TASK STATEMENT:
Would you reproduce the data below exactly, please, leaving out its images?

INFORMATION PROVIDED:

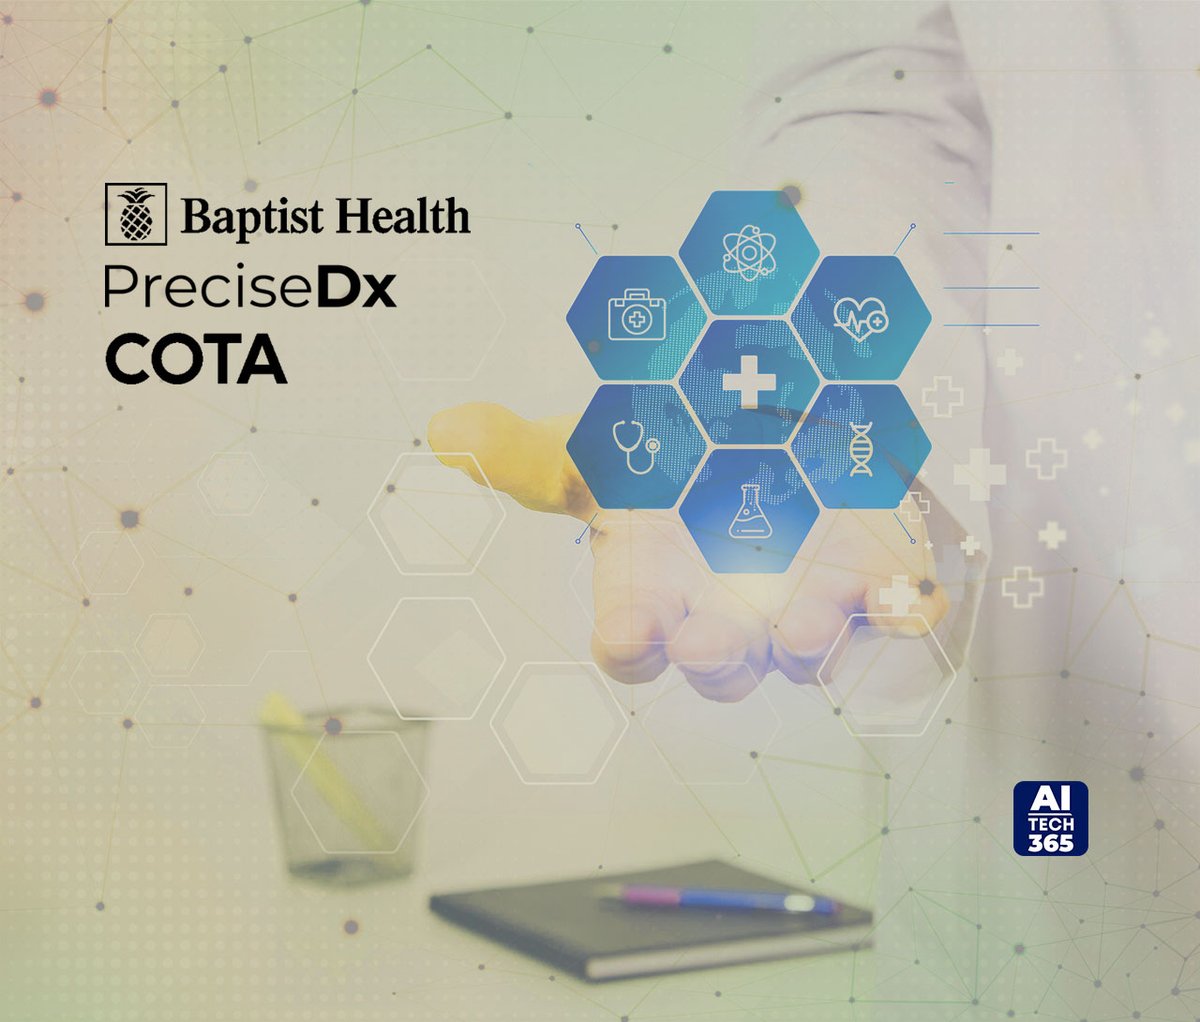 #COTA, @BaptistHealthSF South Florida, and @PreciseDx Announce Collaboration on the AI-Enabled Breast Cancer Recurrence Risk Assessment, PreciseBreast™

aitech365.com/healthcare/cot…

#AITech365 #BaptistHealth #COTA #Healthcare #invasivebreastcancer #news #PreciseBreast #PreciseDx

WRITTEN REPLY:
 #COTA, @BaptistHealthSF South Florida, and @PreciseDx Announce Collaboration on the AI-Enabled Breast Cancer Recurrence Risk Assessment, PreciseBreast™

aitech365.com/healthcare/cot…

#AITech365 #BaptistHealth #COTA #Healthcare #invasivebreastcancer #news #PreciseBreast #PreciseDx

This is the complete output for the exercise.